The market’s first ‘usability’ benchmark

When you’re on a long flight, have you stopped yourself from playing a mobile game in order to conserve your battery? Have you experienced too many stutters when you play a visually intensive title? Do you think it’d be helpful if you could choose a phone to suit your specific needs, based on public data about how well each model handles the best games and apps?

Smartphone and tablet reviewers try to distill their sense of how well a phone performs, but no matter how good their intentions, their conclusions are inevitably subjective and anecdotal. That’s why a market has developed around benchmarking apps like GFX, CPUBench, AnTuTu etc.

We all know that these apps that are susceptible to cheating by device manufacturers looking for inflated review scores. We know that they rarely include any measure of battery life. We know that they measure the theoretical capabilities of a device, rather than how well it handles real, day-to-day apps and games. And yet we still depend on these benchmarks, simply because there is nothing else.
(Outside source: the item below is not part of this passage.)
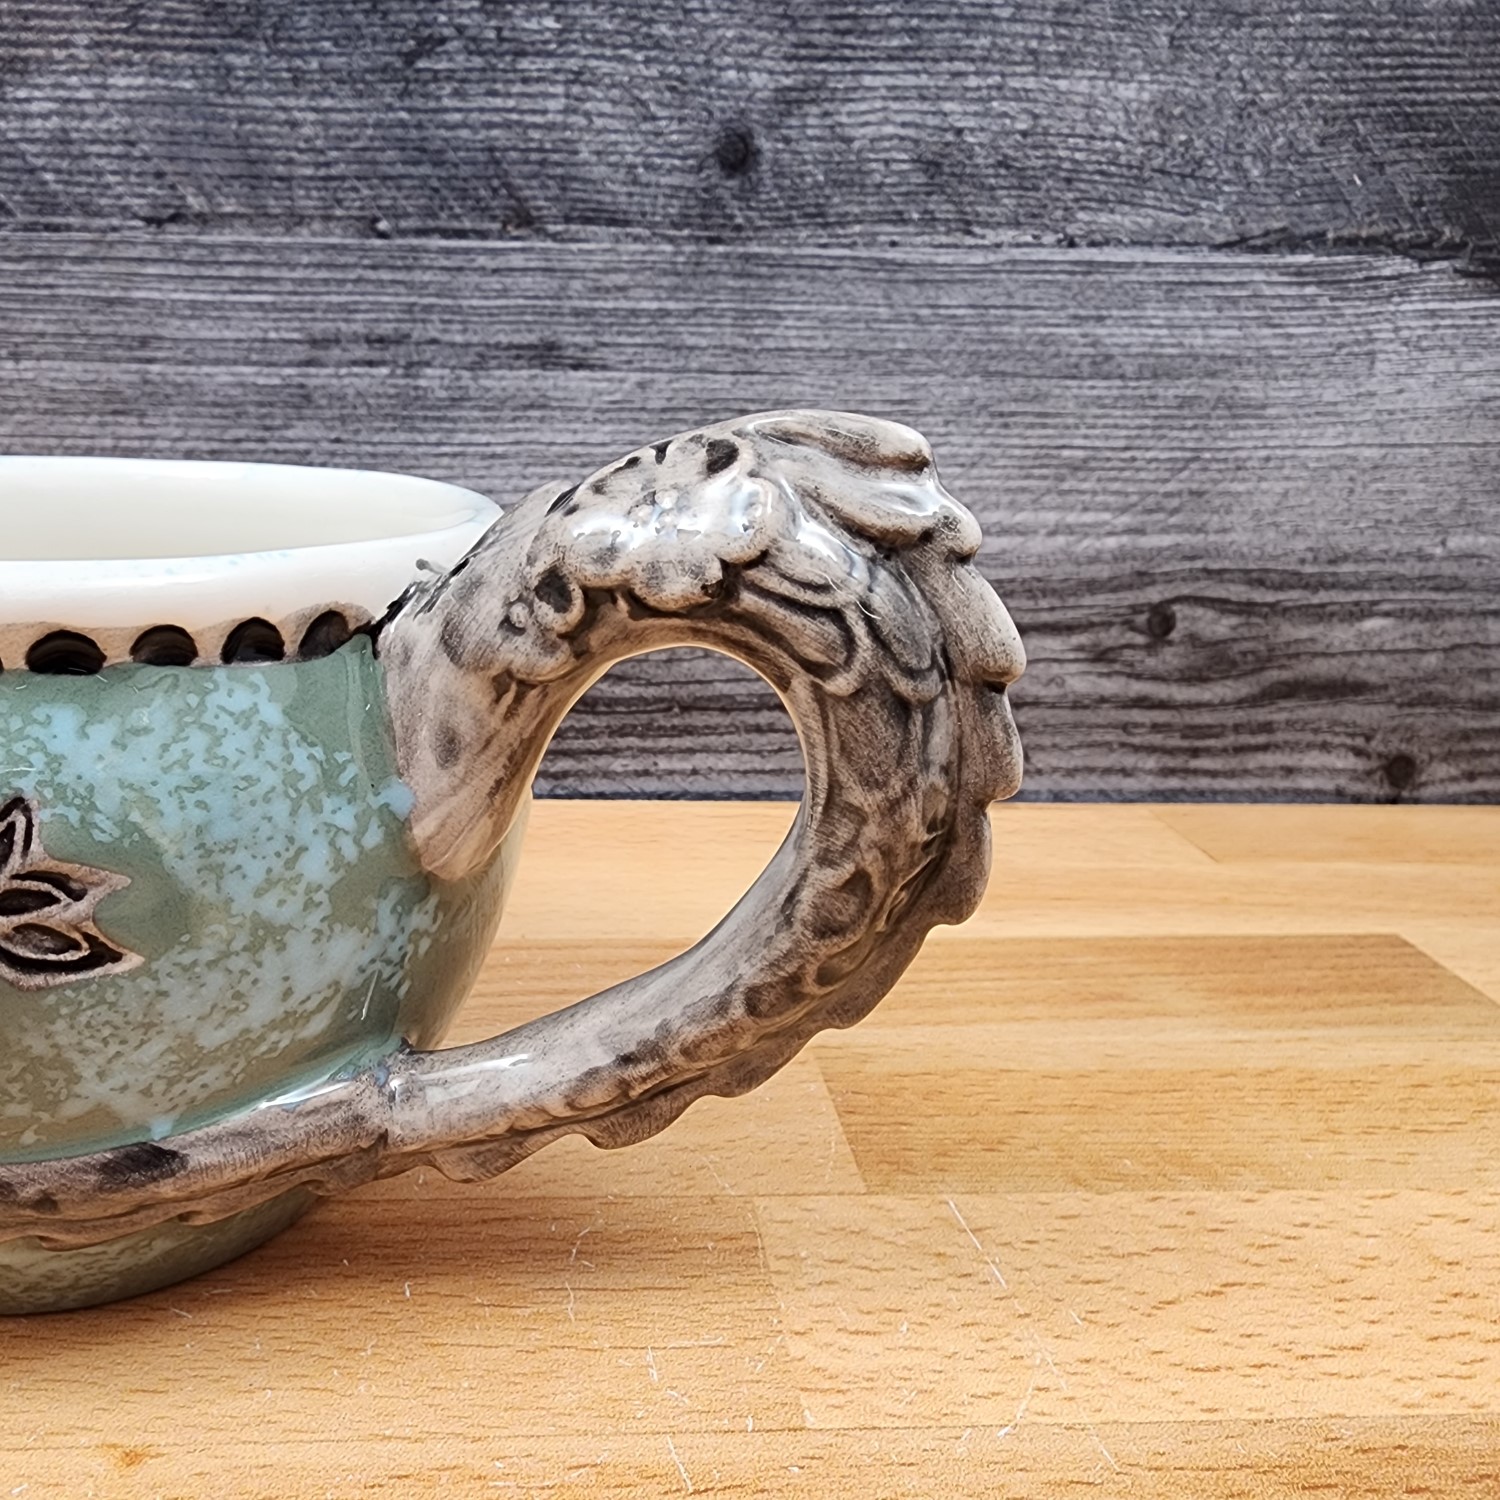 This Green Dragon Decorative Coffee Mug by Blue Sky Heather Goldminic Tea Cup is made with love by Premier Homegoods! Shop more unique gift ideas today with Spots Initiatives, the best way to support creators.

The industry’s over-reliance on these benchmarks, especially in the Android domain, has led to a provable disparity between what consumers think they’re getting when they buy a device, versus what they actually get. Anandtech discussed the issue with synthetic benchmarks We have presented evidence of this disparity to Engadget and witness it in most of our internal tests. One small example of the disparity is shown below: a graph comparing the performance of two different versions of the Samsung Galaxy S4. According to a synthetic benchmark, GFXBench, the Qualcomm version is the better phone. But, as GameBench shows, this doesn’t necessarily mean you’ll get better performance in a real-world game like Real Racing 3.

gfx android

(disparity example)

What we need is a metric that encompasses the ‘usability’ rather than the ‘capability’ of these devices: a way to view them on a unified platform that compares their performance, user experience and battery life on the top and most popular applications. These are the metrics that developers and end users care about.

Dashboardsummary

Performance Resources

The solution can’t be yet another synthetic benchmarking app that runs a fixed and predictable load on a phone’s CPU or GPU. These constant, artificial measures can’t keep up with the influx of new games, new game engines, new SDKs and new devices arrive in the Android ecosystem every day. It’s an ecosystem too rich to be covered by one application or one benchmark.

Instead, we need to quantitatively assess the performance and battery drain of devices, periodically, without bias towards any OEM or a specific app, using a platform that does not have room for cheating or manipulation.

At GameBench, we have made first attempt towards such a framework. It allows:
- Developers to use one platform to optimize their games across Android devices
- OEM and chip makers to compare device performance across the top games.
- Customers to make a clear choice based on the ‘real’ performance data collected from several Android devices and published on our cloud-based dashboard

Just to be clear: a usability test or benchmark is one that measures things that normal users care about, while they’re using real-world apps and games. It’s very different to a traditional benchmark that puts a synthetic load on a processor and then spits out a number (which is meaningless on its own) based on how quickly that load was dealt with.

This is real information: unbiased, unadulterated

GameBench is getting there. We released an app last week to precisely quantify the performance and battery life of top Android devices and apps. Remember: you have to play your favorite games (or apps) for 15 minutes to see how well the device handles this. At the end of this you will get a summary of the session (s) with detailed metrics and a simple to understand star rating.  For example: A 3 star rating on performance and battery is indicative of an acceptable level of device ‘usability’. Having said that, developers and hardware vendors should really target at least a 4 star rating for optimal user experience. Alternately, GameBench also publishes data it collects in lab with this app using independent gaming enthusiasts.

The data shown below is publicly available at pro.gamebench.net and quantifies (and rates) the top devices in the market when playing the popular games. Please login using the following credentials to view it:

  • Username: gb
  • Password: gb123

 

Web interface2

The data indicates the ‘usability’ of the devices on real games. Soon, this table will be expanded to generic, non-gaming apps, but that’s in the future — for now, we’re all about bringing much-needed transparency and accurate data into the Android gaming community.